On the same vein, a whole level, or dungeon branch, can have tags.

Taking the idea to the extreme, maybe a little too much, even abstract concepts like quests can have tags ("story tags"?).

My fear is that these for loops will begin to be too cumbersome, and the memory overhead too large...

What do you think?

donblas said...

The 2nd tech demo for magecrawl supported Linux. The issues I ran into were libtcod related (using svn version), not related to magecrawl itself. I have a "must fix" task bug to get it working this iteration.

I really do like the concept of tags for some data structures, as I noted in the post. Once I get implemented what I have outlined in my post, I might look at allowing tags of other things (Status Effects, floor tiles, etc).

The idea seems sound as it'd allow at least some effects (like a status effect boosting strength) to be implemented simply as a tag and not an effect that changes the base strength and needs to be undone later.
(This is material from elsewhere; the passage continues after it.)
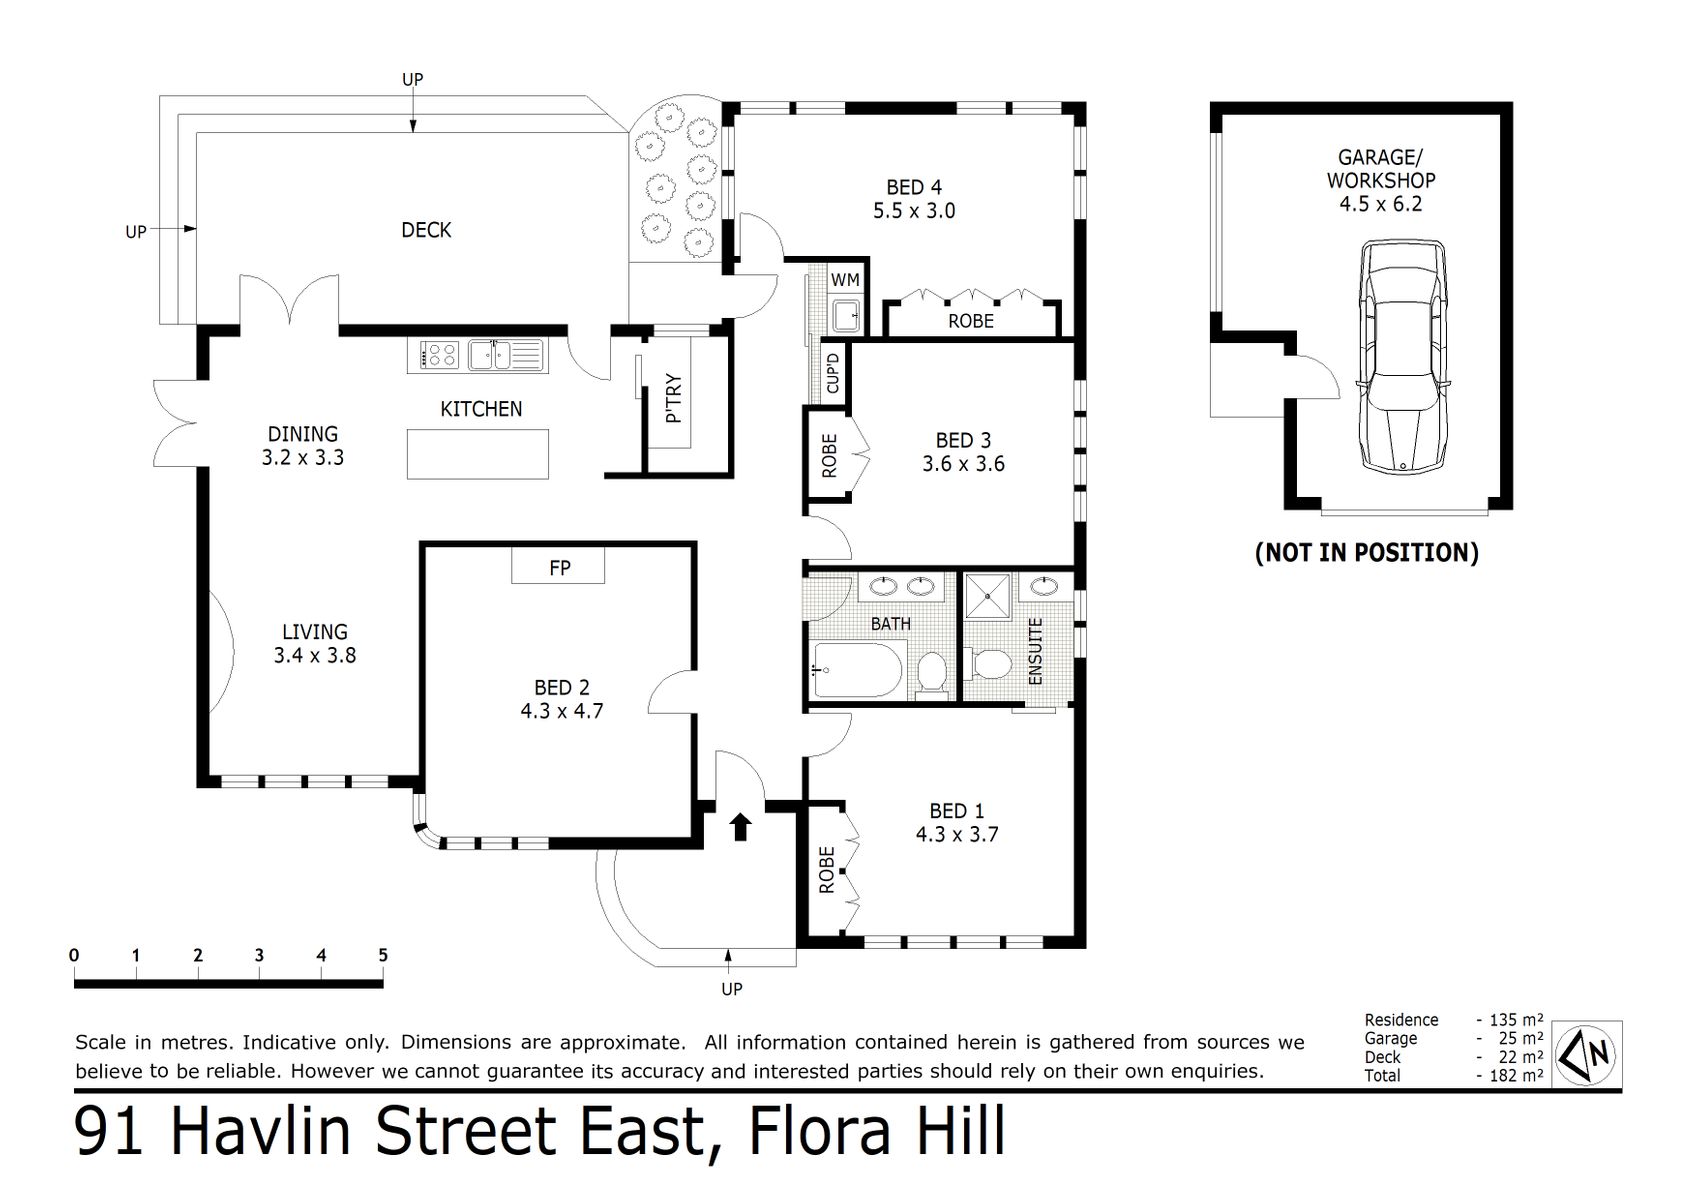 91 Havlin Street E Flora Hill  (10 FEB 2020) 135sqm

Memory usage shouldn't be that bad, as dictionaries of strings and ints aren't that huge. Depending on how often you needed to walk though all (equipped items, skills, status effects, traits, current floor tile), it could get slow. However, caching and other forms of performance boosting could be done to minimize this.

Jotaf said...

Awesome, it's not often that I read about a skill/stats-related system that makes so much sense. I always dreaded the moment when I had to implement this myself, as I thought it would have to be cumbersome to maintain and buggy. This tags system though looks pretty slick!

About caching for performance, it shouldn't be too hard; you could mark stats as "dirty" when a related tag is added/deleted and in the stat's getter method either return the cached value or recalculate based on that flag.

But C# is fast enough; I'd probably only worry about that if/when I actually found that it impaired performance. Most monsters shouldn't have more than 2 or 3 modifier tags, only the player would have more; given that number of look-ups it shouldn't take a huge amount of CPU cycles compared to, say, FOV and graphics.

donblas said...

Yeah, I always implement first and optimize second. Bottlenecks (or the lack of them) are in too surprising of locations for me to guess. :)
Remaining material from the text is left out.